Purinton's trade show booth includes insulated concrete product examples and manufacturer brochures and information. He has also educated himself on energy efficient building with concrete so he can answer questions from any potential client, from the newbie homeowner to the well-versed sustainable design architect.

In addition to attending and promoting insulated concrete systems at local trade shows and home shows, concrete contractors may also consider speaking engagements at these events. Many times these shows include educational programs for attendees - a great opportunity for a contractor to get in front of a crowd of potential customers and educate them while at the same time establishing himself as an expert on the topic.

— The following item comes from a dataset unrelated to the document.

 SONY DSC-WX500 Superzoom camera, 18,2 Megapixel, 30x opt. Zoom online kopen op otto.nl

While trade shows and home shows are a great way to educate potential clients, it's the one-on-one conversations where contractors can really help their customers understand energy efficiency and concrete. "One thing I stress to homeowners in my sales presentations is that initial cost is not important, but the cost to operate a structure in the long run is," he says. "When a business owner looks to build a building he looks at operating costs over the life of that structure. Homeowners are now just starting to look at these numbers."

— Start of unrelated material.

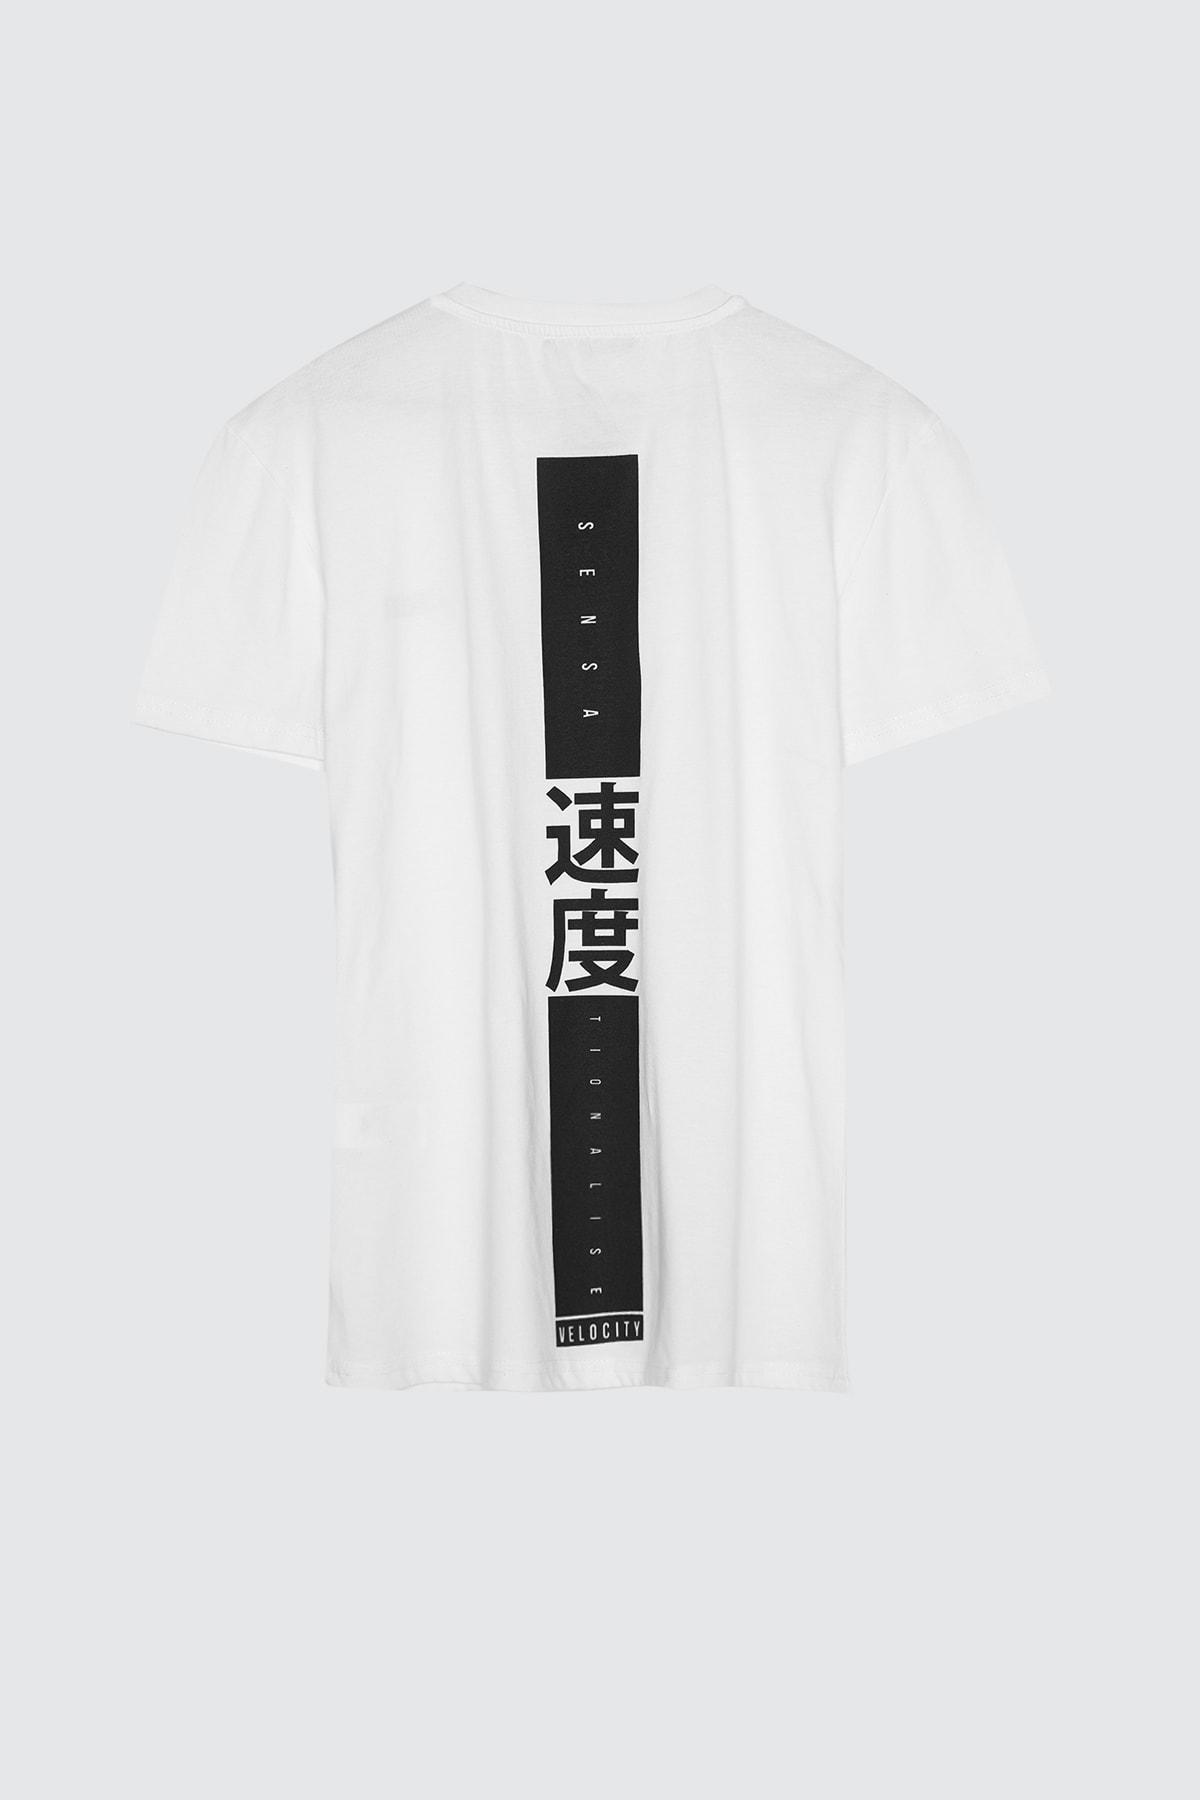 تی شرت مردانه ترک جدید برند ترندیول مرد کد ty38563339

Purinton tells his customers that based on the shape of the home and its wall type, the cost to insulate a cast-in-place concrete wall with the Thermomass system could be anywhere from 20 to 50 percent higher than a wall without insulation. Once finished, there may be no premium at all due to the elimination of drywall and secondary trades.

Force 5 Walls, Magnolia Springs, Ala., is a concrete contractor that builds ICF structures for both residential and commercial clients. The company puts together a packet of information for its clients including a tri-fold that not only tells what the company does but explains in clear bullet points the important benefits the homeowner will reap when using ICFs.

"We sell value," says Rodney Hubble of Force 5 Walls. His company markets both the attributes and the savings with the use of ICF construction, placing emphasis on the energy savings as well as the safety and security insulated concrete homes offer. "We have constructed houses upwards of 10,000 square feet which have average monthly cooling and heating bills of less than $300," he explains. Force 5 Walls also works to build strong relationships with architects and engineers, which often helps the company get referrals - a great cost-free way to market.

Contractors need to educate themselves and their customers to successfully promote and sell insulated concrete in today's market. Consumers are looking for ways to save money on heating and cooling costs; it's up to concrete contractors to show them how to do it with concrete.